Quatrième attaque en trois semaines dans le pays
C’est la quatrième attaque en trois semaines dans le pays, et la seconde en neuf jours à Tel-Aviv. La semaine dernière, un Palestinien de Cisjordanie occupée avait ouvert le feu sur la foule en circulant en voiture dans la ville juive orthodoxe de Bnei Brak, près de Tel-Aviv, tuant cinq personnes. Quelques jours plus tôt, deux policiers, dont une jeune israélienne, avaient été tués dans une fusillade revendiquée par l’organisation Etat islamique (EI) à Hadera (nord du pays).
Le 22 mars, à Beersheva, grande ville du désert du Néguev (sud), quatre Israéliens ont été tués dans une attaque au couteau et à la voiture-bélier perpétrée par un enseignant, condamné en 2016 à quatre ans de prison pour avoir planifié de se rendre en Syrie afin de combattre au sein de l’EI.

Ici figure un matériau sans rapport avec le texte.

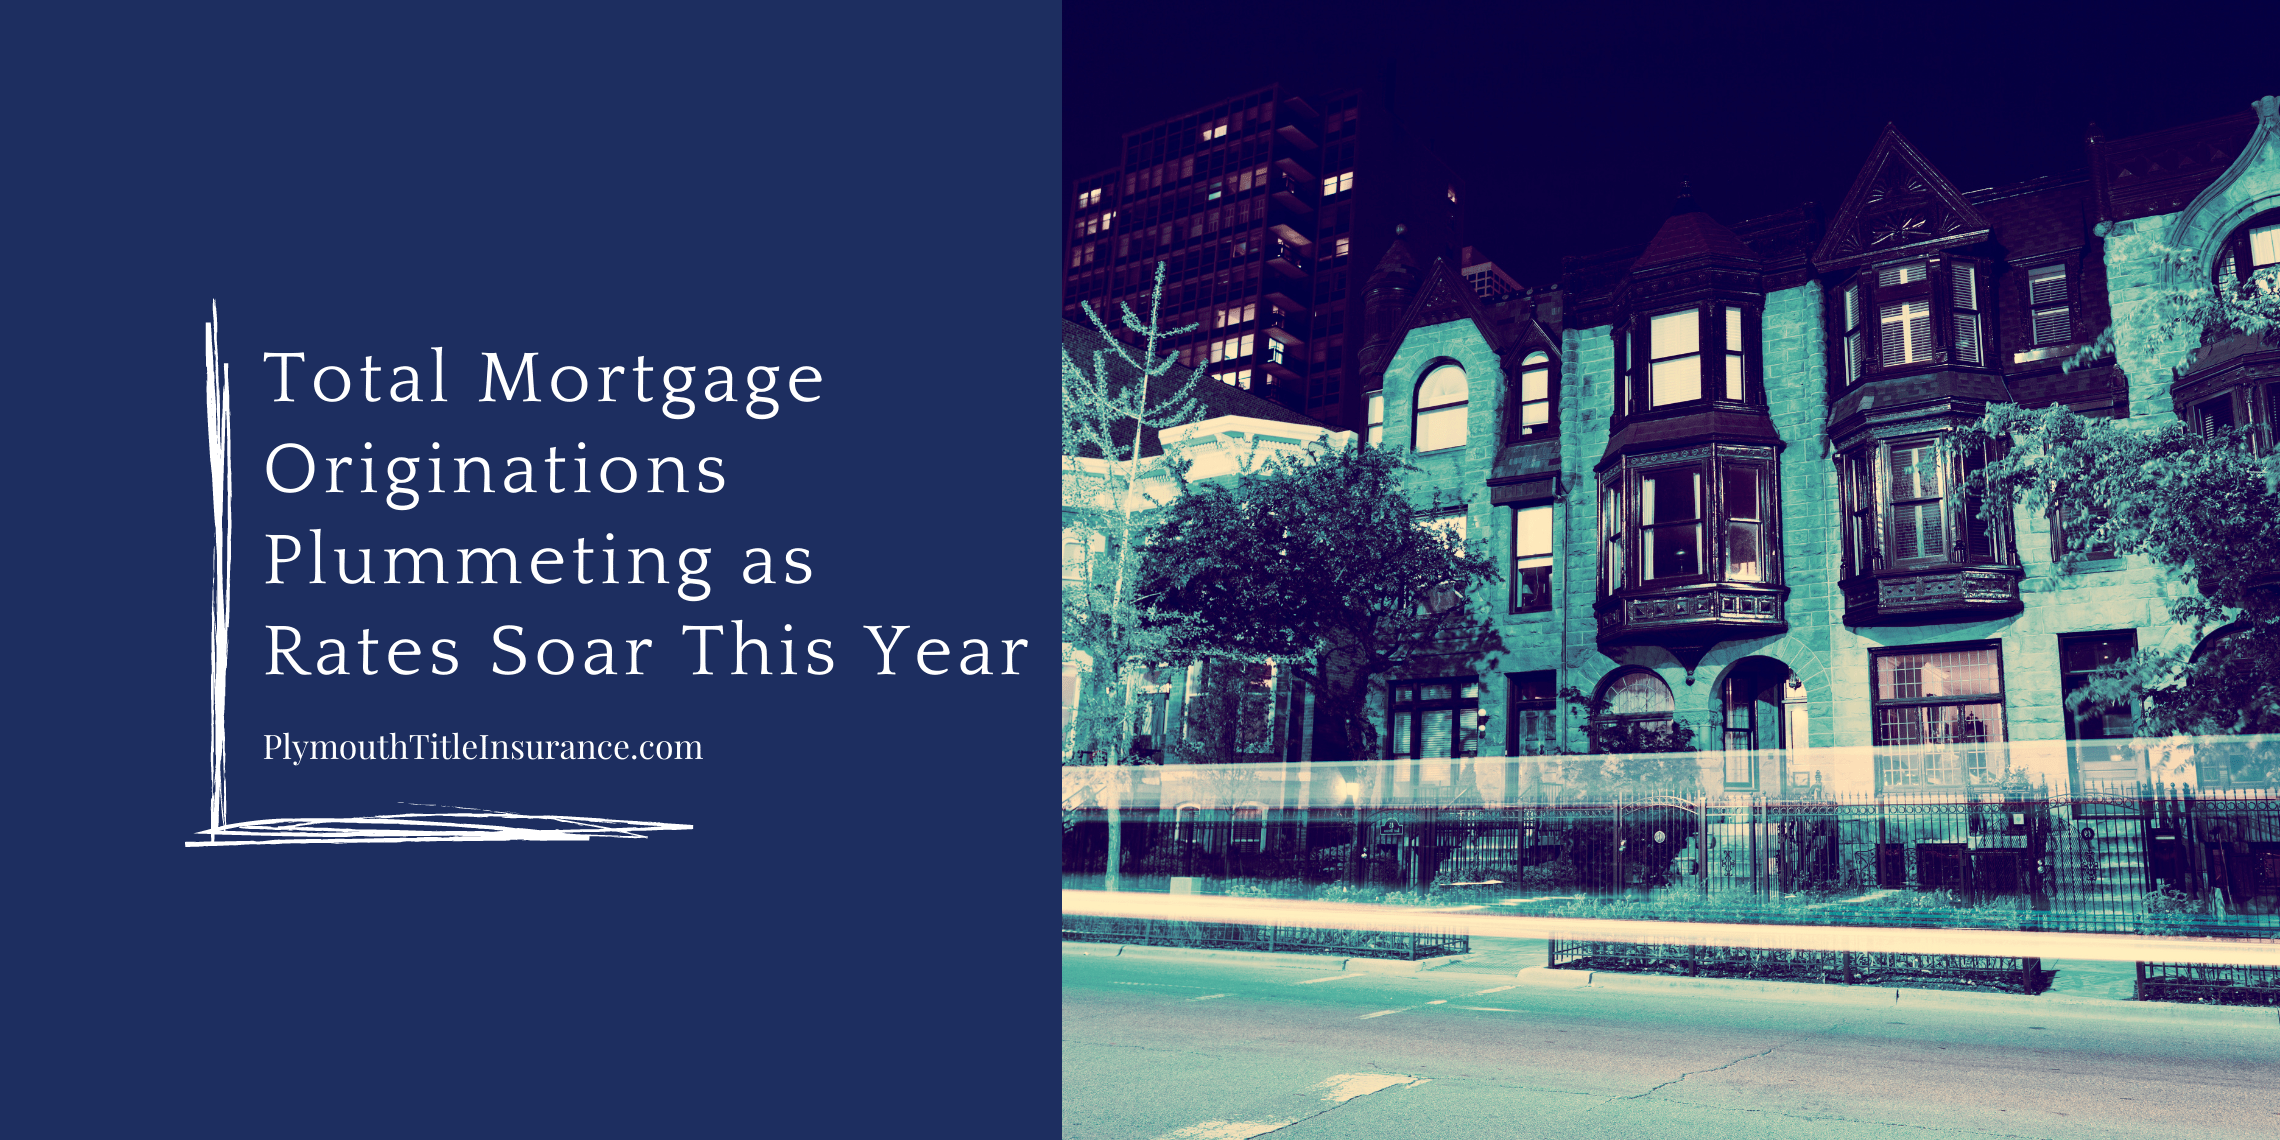 Total Mortgage Originations Plummeting as Rates Soar This Year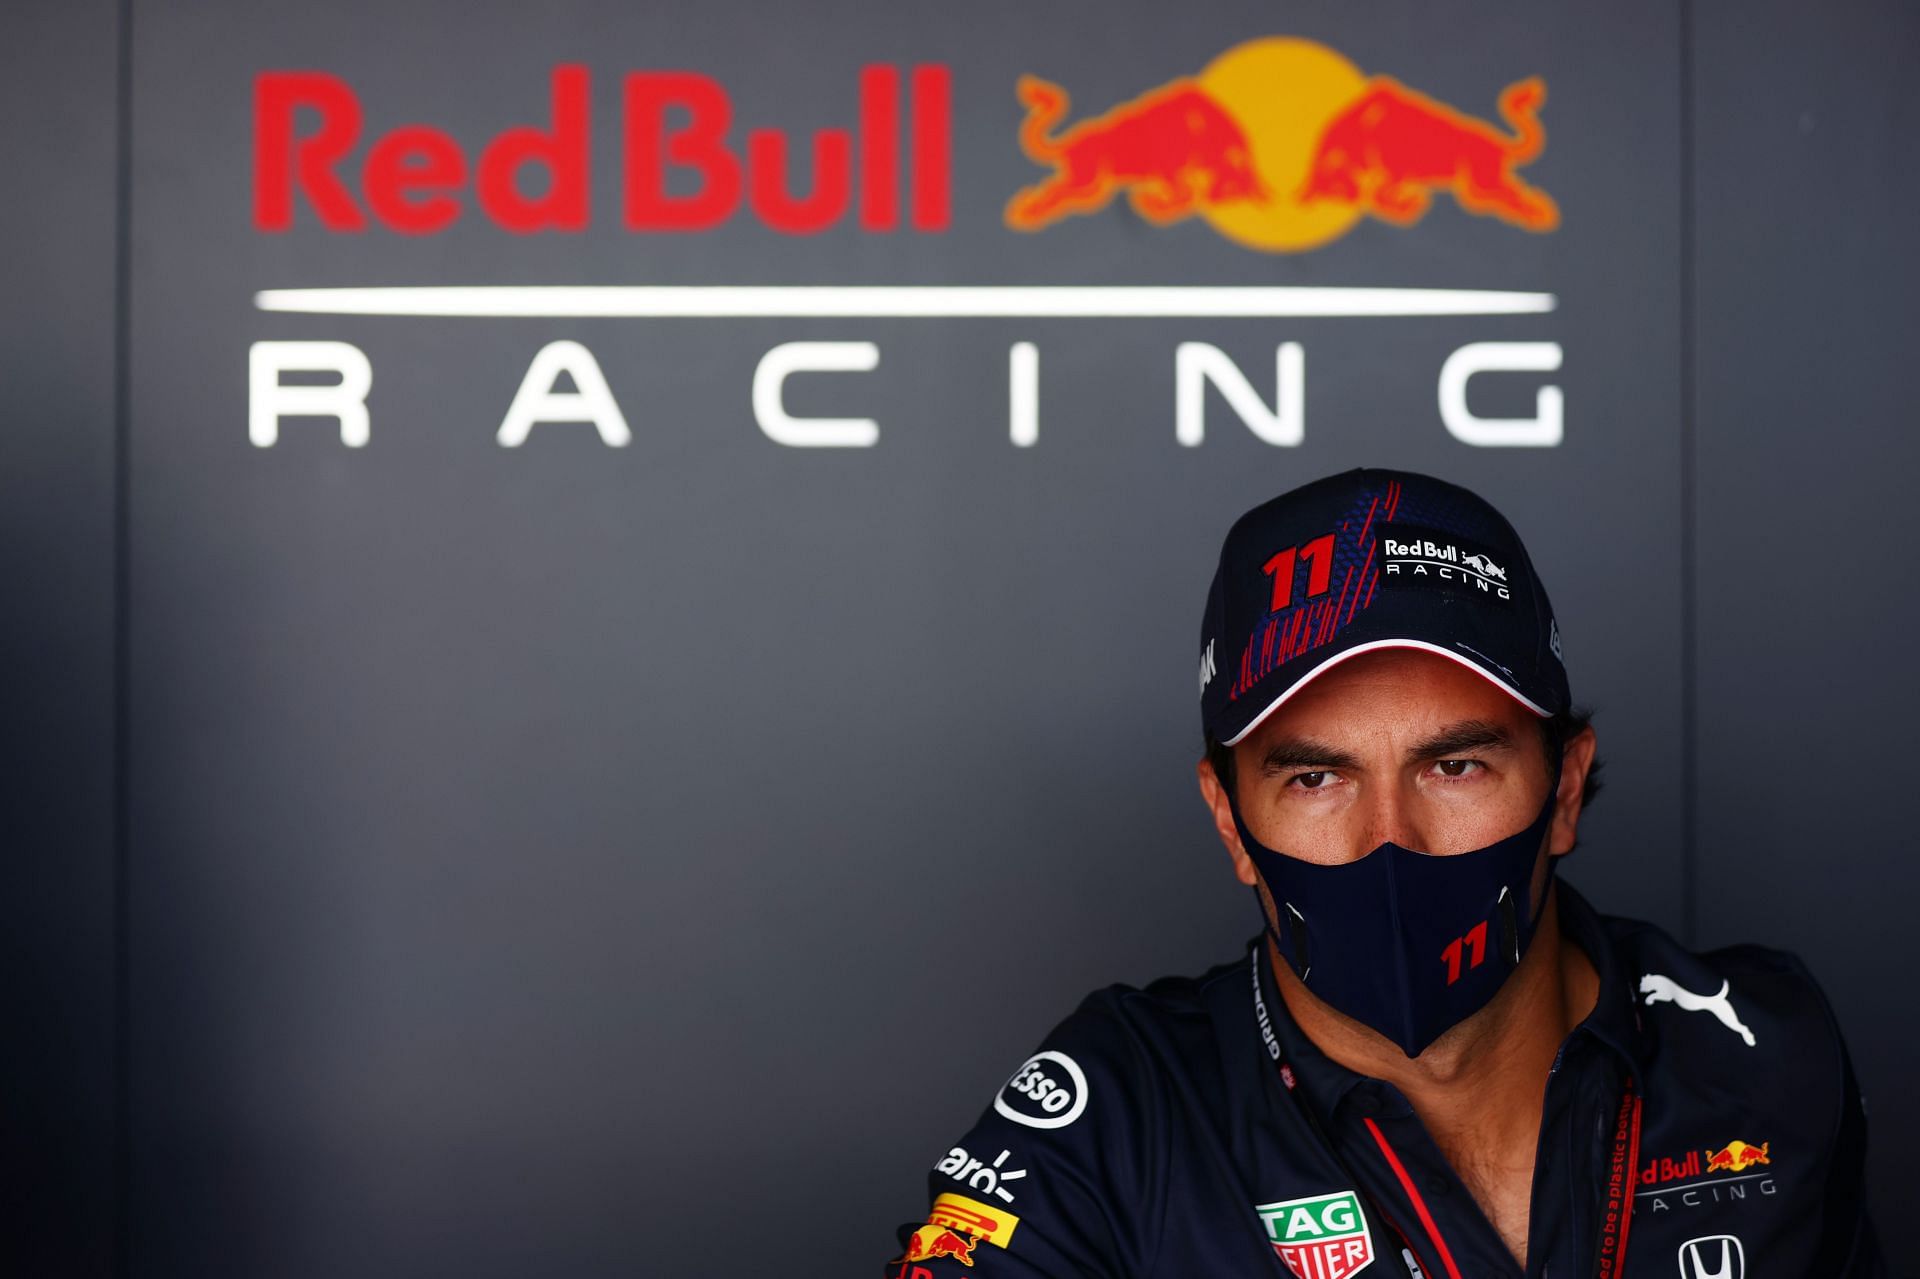 F1 Grand Prix of Abu Dhabi - Sergio Perez in the Red Bull garage

Dans la foulée de ces attaques, l’armée, la police et les services de sécurité intérieurs israéliens ont arrêté des dizaines de personnes soupçonnées de lien avec l’EI en Israël, et multiplié les opérations en Cisjordanie occupée, notamment à Jénine, secteur du nord de ce territoire palestinien d’où était originaire l’assaillant de l’attaque de Bnei Brak.
Au moins trois membres du Jihad musulman, second mouvement armé palestinien après le Hamas, ont été tués lors d’échange de tirs en lien avec ces opérations à Jénine.
Cette attaque dans le centre de Tel-Aviv intervient alors que les forces de police israélienne se préparaient à se placer en haute alerte pour la première grande prière du vendredi depuis le début du ramadan à l’esplanade des Mosquées de Jérusalem. En 2021, des heurts entre Palestiniens et policiers israéliens en marge des grands rassemblements à Jérusalem-Est, secteur occupé depuis 1967 par Israël, avaient conduit à une guerre de onze jours entre le Hamas, au pouvoir dans la bande de Gaza, et Israël.